Pour les sujets qui présentent une plainte qu'il est possible de contextualiser et de mettre en rapport avec une thématique conflictuelle relationnelle, par exemple sentimentale ou professionnelle, l'IPB semble plus adéquate. Elle oblige cependant à évaluer les justes motifs de surseoir à un traitement symptomatique, ainsi qu'à réserver un cinquième entretien semi-structuré visant à préciser le diagnostic DSM-IV ou CIM-10. Ces données confirment que l'IPB peut être considérée comme un modèle psychanalytique de consultation thérapeutique de l'adulte.12
On peut s'étonner que cette dimension de la consultation générale, qui était présente dans les conceptions antérieures,13 tende à se perdre dans le champ de la psychiatrie contemporaine. On trouve certes une abondante littérature à propos de consultations spécialisées, où les dimensions biologique, psychologique et sociale sont prises en compte, mais elle ne traite que de troubles ou de maladies isolés et spécifiques (par exemple le sida14 ou l'infarctus du myocarde15). C'est en fait dans le champ psychologique et social que l'on trouve de nos jours des travaux en rapport avec une théorie générale de la consultation. Marziali,16 par exemple, rappelle trois objectifs du premier entretien : 1) établir une alliance de travail ; 2) collecter les informations nécessaires pour comprendre le problème du client et pour faire les recommandations de traitement appropriées et 3) faire des interventions qui agissent favorablement sur cette première rencontre et qui montrent au client la manière dont se déroule le traitement. On peut s'étonner que ces deux traditions, psychiatrique et psychologique, se soient séparées, alors même que les enjeux de la consultation thérapeutique ont un impact sur le travail du médecin.

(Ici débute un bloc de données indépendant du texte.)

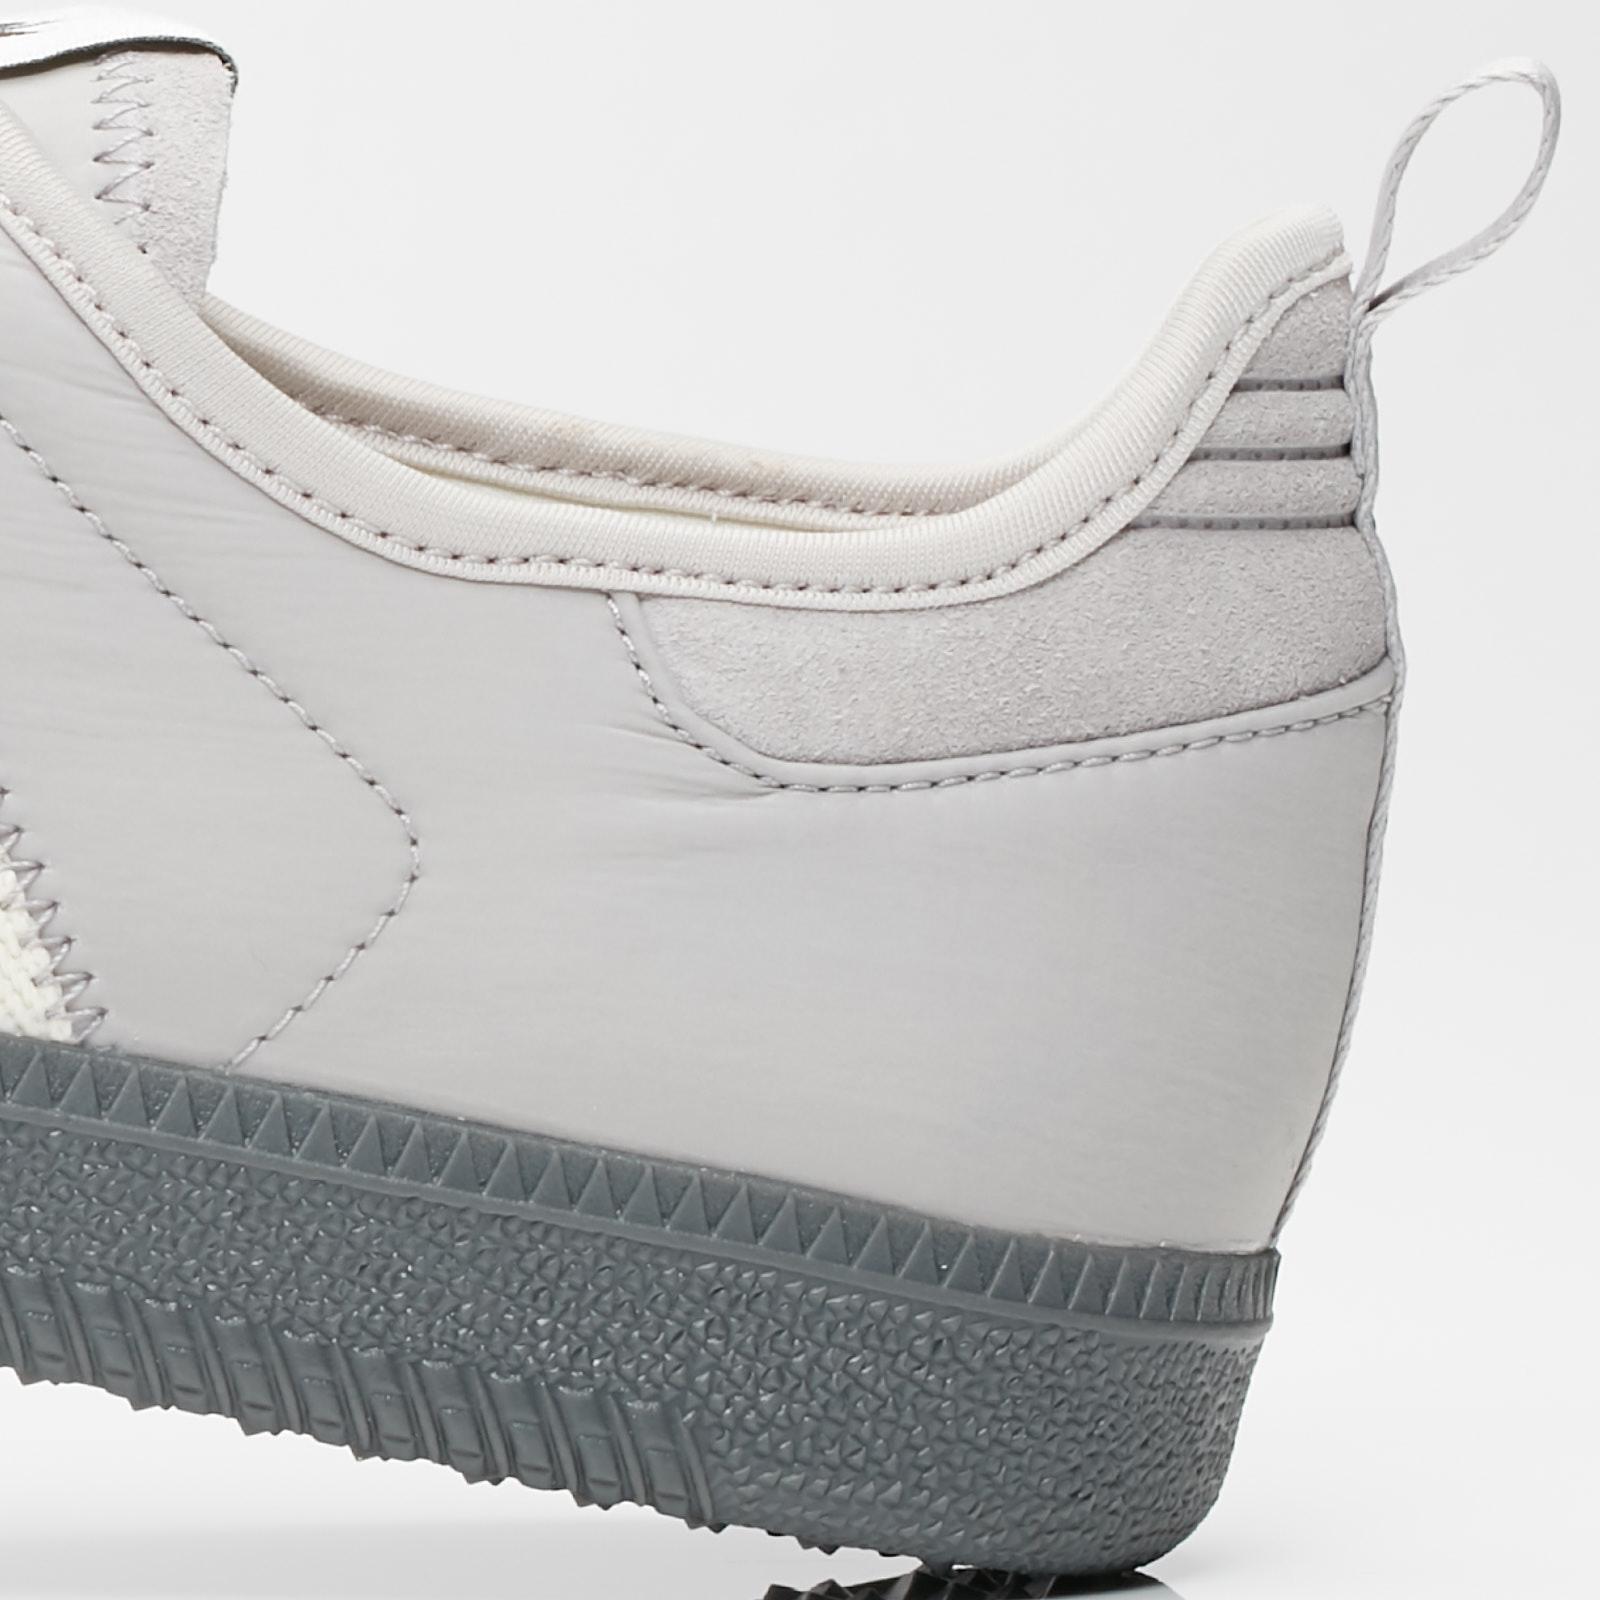 amargo Residente Inspección  adidas Samba x C.P. Company - F33870 - Sneakersnstuff | sneakers &  streetwear online since 1999

D'autres formes d'investigation prenant en compte les aspects dynamiques du processus devraient pouvoir être développées ou repérées et réincorporées à la pratique médicale. Certaines existent déjà, par exemple dans le domaine de la dépendance à l'alcool, sous forme d'entretiens motivationnels brefs.17 Les courants systémique et cognitif ont aussi développé des pratiques comparables. Reste à les faire connaître, à étudier les caractéristiques comparatives de chacun des modèles et à développer leur intégration dans la formation du psychiatre psychothérapeute.